What’s print got to do with it, got to do with it? The Tina Turner lyric (or something like it) comes flooding back with reports of Australia’s recent PacPrint show.
I missed it for the first time for decades this year… and by the sounds of things, I’m not the only one. Not that they didn’t attend, mind you. It’s just that the “2021-dubbed” 2022 event which has just taken place seems to have borne little resemblance to its predecessors and they missed the “original”.
Present on the news printing front was manrolandGoss – one of the last men standing of the newspaper press majors – and mailroom specialist Ferag, both of which have lives beyond a domestic news industry which has gone beyond “mature” to fractured.

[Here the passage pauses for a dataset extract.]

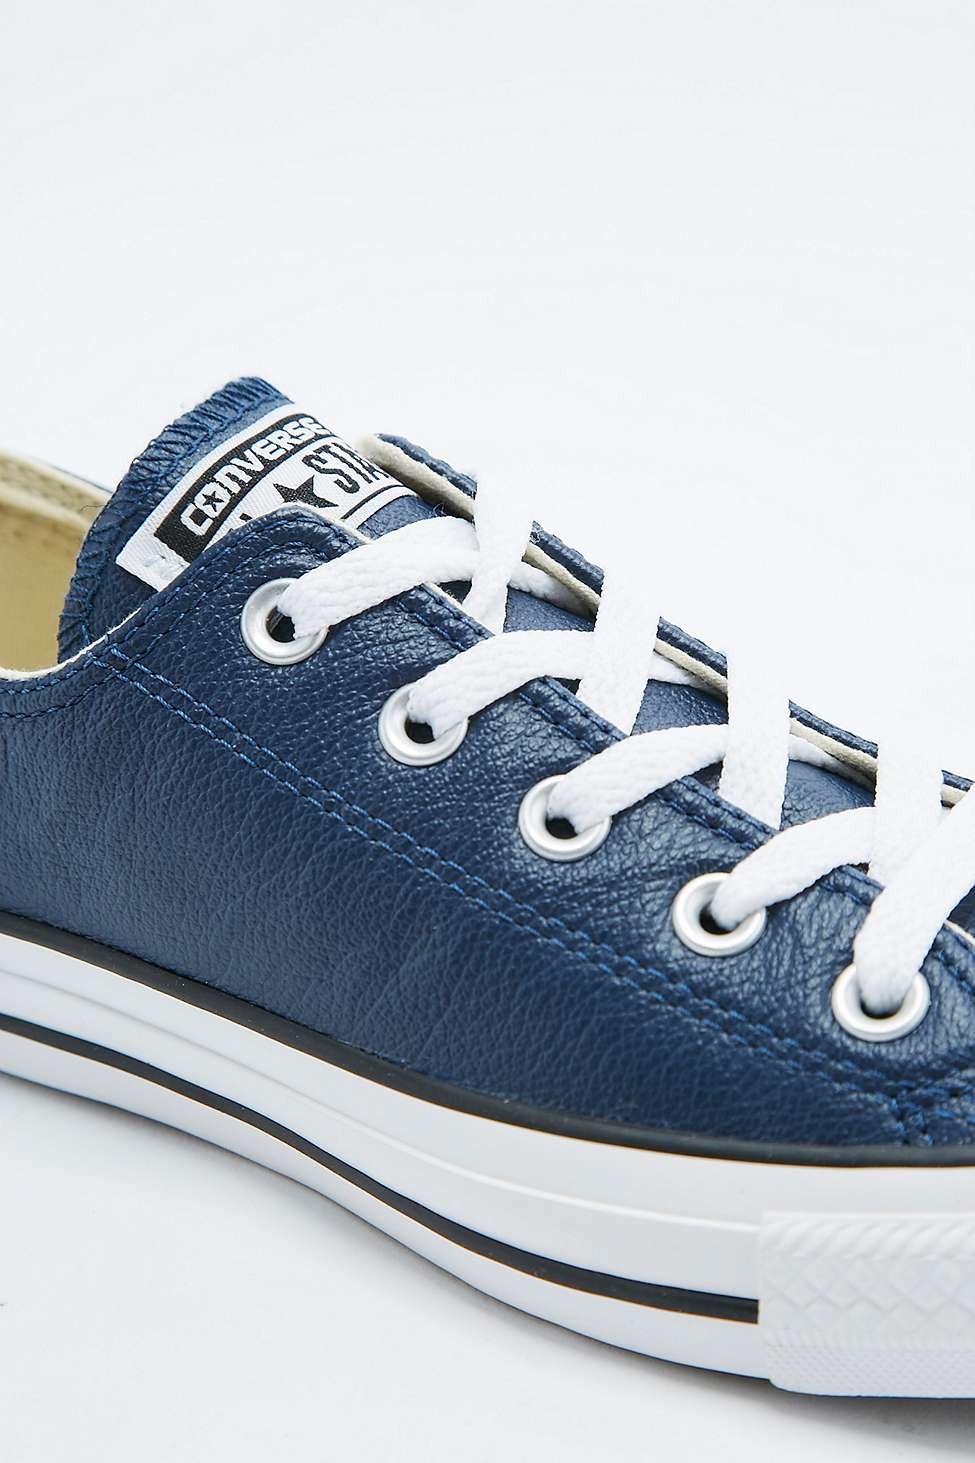 Shop - navy blue leather converse - OFF 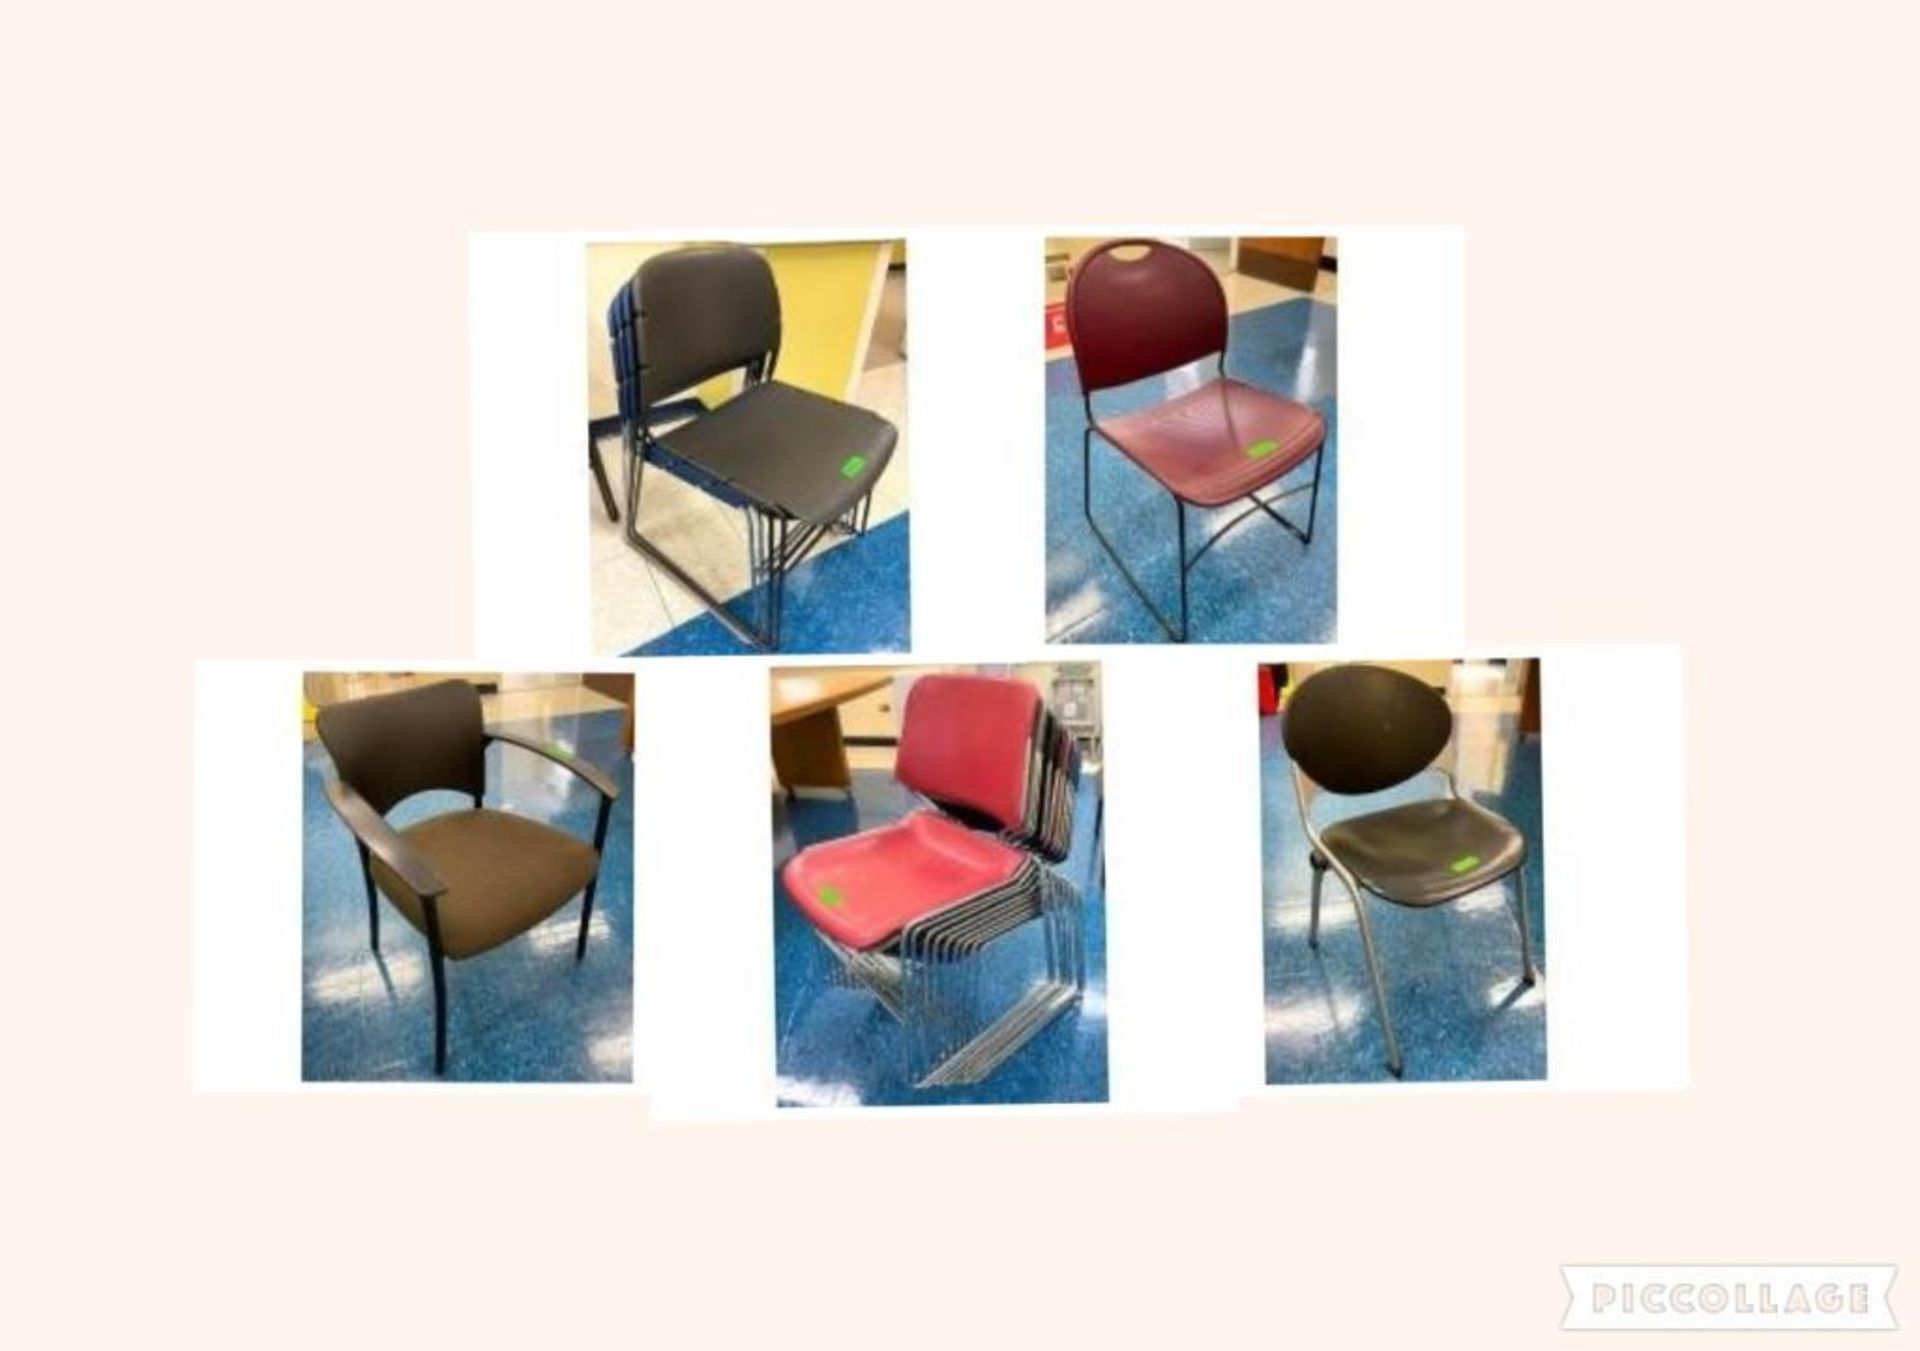 DESCRIPTION ASSORTED CHAIRS AS SHOWN ADDITIONAL INFORMATION (24) TOTAL CHAIRS LOCATION 5TH FLOOR: SN

Missing were Koenig & Bauer and Heidelberg, traditionally the biggest exhibitor in the Melbourne show and the one that once told us it would dominate newspaper printing. Remember the year they brought a Mercury single-width press to the show, but then struggled to find a buyer for it?
I was told to expect a show full of wideformat and labels, and if that was to understate the event, it would only be by the margin by which cut-sheet digital print has now embraced and enveloped everything. Margins of downsizing recall the way in which Heidelberg, traditionally a whole hall at industry giant DRUPA, limited its floor space by cosily building an internal wall around it.
The opportunity to talk digital print was offered by Screen – which had a big inkjet web order in France to report – HP representative the Currie Group, and Kodak, which was quoting my recent Sogémedia interview on LinkedIn. With little likelihood of abandoned plans for hyperlocal or short-run newspaper printing being resumed in Australia, they had little to look forward to.
Credit to Curries – whose interests span offset, digital and print finishing, and have done across seven decades – for providing a little pizzazz (pictured) to the proceedings.